Source data:

————————

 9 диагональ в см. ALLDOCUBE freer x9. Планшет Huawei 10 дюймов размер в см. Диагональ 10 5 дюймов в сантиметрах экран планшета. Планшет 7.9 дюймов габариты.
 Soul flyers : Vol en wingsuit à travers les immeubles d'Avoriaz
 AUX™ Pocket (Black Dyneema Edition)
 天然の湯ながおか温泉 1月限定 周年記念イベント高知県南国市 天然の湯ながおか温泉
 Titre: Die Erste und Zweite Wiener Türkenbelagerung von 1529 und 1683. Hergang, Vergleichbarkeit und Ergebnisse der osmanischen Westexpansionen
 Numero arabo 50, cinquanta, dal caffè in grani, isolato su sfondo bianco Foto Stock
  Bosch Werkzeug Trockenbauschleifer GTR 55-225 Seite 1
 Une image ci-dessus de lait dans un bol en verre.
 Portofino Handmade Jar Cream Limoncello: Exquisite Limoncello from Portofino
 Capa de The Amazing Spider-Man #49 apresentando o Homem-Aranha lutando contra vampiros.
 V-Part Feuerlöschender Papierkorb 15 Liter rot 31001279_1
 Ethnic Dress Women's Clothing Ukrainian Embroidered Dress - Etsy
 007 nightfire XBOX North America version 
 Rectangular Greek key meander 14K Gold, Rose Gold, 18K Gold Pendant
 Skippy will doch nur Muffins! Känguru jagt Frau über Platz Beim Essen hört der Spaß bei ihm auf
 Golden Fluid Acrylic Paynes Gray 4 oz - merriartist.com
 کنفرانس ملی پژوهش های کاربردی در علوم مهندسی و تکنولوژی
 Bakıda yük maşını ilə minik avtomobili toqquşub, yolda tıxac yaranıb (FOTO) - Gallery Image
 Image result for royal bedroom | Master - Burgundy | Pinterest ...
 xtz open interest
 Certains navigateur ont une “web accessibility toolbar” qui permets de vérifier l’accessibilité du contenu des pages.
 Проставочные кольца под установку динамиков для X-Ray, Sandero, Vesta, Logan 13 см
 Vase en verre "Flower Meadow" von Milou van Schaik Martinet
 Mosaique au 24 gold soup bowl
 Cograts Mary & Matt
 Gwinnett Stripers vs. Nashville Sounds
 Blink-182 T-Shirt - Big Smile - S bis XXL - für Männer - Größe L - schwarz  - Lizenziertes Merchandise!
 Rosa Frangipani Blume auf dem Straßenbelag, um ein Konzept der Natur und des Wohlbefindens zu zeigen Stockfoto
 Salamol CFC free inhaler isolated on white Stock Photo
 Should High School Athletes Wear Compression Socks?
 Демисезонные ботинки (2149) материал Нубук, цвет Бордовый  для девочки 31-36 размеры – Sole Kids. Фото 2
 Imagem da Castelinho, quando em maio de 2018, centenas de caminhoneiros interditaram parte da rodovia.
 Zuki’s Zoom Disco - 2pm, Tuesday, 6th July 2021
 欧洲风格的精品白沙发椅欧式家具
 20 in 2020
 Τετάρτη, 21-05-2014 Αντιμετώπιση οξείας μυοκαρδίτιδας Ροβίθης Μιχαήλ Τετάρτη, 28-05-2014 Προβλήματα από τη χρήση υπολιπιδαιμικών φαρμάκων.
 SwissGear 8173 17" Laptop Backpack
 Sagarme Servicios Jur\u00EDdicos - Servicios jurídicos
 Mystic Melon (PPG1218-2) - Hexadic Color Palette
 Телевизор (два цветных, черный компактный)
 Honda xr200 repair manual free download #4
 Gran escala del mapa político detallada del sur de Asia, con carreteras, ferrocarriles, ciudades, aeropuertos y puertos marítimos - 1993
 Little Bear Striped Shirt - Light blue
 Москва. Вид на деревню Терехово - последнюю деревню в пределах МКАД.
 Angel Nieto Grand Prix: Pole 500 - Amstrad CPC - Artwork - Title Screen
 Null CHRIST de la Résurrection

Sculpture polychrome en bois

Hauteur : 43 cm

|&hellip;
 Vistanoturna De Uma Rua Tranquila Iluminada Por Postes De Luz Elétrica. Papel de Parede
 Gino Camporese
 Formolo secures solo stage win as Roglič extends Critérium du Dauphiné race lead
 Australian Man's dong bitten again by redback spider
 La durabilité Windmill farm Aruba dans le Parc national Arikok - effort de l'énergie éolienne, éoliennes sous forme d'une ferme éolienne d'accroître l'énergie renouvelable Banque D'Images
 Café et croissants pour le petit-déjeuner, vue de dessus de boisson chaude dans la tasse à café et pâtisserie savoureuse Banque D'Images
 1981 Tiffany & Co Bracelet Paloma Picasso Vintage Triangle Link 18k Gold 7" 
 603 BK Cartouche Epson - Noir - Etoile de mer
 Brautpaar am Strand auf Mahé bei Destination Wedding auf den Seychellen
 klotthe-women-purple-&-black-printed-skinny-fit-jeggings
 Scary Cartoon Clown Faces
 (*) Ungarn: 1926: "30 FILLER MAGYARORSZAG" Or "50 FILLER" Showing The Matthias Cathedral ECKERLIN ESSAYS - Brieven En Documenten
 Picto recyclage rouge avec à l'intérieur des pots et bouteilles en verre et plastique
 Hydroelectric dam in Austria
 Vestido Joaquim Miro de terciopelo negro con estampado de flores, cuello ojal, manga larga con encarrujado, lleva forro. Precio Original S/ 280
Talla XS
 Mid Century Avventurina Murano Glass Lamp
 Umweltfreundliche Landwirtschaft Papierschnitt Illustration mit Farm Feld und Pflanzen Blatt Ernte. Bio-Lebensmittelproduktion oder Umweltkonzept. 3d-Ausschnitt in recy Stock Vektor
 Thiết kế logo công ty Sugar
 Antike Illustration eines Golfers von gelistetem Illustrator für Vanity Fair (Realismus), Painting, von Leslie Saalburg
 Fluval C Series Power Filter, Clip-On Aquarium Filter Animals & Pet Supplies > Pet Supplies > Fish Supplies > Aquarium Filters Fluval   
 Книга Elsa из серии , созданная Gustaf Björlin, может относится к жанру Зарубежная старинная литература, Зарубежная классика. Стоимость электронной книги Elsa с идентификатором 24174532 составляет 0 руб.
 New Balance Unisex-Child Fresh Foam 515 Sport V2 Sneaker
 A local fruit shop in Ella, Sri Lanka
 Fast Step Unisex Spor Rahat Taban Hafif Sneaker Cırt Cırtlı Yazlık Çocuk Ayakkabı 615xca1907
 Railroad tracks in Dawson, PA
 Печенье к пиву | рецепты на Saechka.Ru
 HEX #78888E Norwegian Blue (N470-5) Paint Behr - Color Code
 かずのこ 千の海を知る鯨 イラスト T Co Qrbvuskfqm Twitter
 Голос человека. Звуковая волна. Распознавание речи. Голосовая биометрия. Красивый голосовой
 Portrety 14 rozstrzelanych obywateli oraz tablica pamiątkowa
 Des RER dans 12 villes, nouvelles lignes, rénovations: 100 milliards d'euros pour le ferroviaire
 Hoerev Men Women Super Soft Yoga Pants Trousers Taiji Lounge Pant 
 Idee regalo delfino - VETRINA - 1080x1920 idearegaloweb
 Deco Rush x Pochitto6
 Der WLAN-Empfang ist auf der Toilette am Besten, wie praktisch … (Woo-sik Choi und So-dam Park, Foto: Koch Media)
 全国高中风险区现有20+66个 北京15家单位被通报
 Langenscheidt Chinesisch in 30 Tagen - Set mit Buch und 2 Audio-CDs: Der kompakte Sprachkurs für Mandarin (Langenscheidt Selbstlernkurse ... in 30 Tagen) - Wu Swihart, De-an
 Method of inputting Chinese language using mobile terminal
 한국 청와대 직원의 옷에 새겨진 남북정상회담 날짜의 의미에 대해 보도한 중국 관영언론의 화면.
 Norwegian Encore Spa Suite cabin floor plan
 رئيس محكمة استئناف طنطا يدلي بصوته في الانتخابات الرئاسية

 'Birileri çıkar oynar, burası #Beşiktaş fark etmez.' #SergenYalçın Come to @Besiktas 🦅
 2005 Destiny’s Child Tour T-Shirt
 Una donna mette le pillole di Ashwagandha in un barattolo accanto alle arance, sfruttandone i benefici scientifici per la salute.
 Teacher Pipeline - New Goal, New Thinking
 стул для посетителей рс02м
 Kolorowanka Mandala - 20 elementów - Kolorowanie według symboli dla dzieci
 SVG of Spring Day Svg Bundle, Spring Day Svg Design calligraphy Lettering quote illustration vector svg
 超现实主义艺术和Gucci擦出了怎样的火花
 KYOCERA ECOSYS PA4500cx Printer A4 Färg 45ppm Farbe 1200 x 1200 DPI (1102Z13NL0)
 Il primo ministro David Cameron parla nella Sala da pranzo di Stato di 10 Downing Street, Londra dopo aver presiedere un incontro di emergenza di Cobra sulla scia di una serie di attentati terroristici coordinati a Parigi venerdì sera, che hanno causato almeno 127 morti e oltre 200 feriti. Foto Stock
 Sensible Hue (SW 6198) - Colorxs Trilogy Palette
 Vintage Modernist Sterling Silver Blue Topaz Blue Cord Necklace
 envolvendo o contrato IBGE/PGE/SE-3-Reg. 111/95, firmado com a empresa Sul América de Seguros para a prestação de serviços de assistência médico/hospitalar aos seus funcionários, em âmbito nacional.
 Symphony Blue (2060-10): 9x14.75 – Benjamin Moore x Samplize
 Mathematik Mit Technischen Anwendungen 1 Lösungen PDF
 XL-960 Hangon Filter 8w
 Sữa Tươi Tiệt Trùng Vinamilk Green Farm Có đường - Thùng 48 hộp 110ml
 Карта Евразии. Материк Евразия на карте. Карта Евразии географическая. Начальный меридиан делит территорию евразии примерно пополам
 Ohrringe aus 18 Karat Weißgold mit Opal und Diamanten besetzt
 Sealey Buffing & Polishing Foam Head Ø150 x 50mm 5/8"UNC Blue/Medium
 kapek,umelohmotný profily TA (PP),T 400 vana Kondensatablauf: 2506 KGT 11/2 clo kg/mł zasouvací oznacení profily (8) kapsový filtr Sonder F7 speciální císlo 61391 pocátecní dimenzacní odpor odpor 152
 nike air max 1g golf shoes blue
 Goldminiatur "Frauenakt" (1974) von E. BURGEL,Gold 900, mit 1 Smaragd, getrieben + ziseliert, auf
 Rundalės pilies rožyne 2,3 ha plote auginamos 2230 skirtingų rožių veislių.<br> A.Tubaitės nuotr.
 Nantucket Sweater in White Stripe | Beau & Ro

————————

Prompt :: All that is wanted is an exact copy of the lines above from the one with "Picto recyclage rouge" through the one with "Mid Century Avventurina Murano Glass Lamp", with both ends included.

Output for this exercise ::
 Picto recyclage rouge avec à l'intérieur des pots et bouteilles en verre et plastique
 Hydroelectric dam in Austria
 Vestido Joaquim Miro de terciopelo negro con estampado de flores, cuello ojal, manga larga con encarrujado, lleva forro. Precio Original S/ 280
Talla XS
 Mid Century Avventurina Murano Glass Lamp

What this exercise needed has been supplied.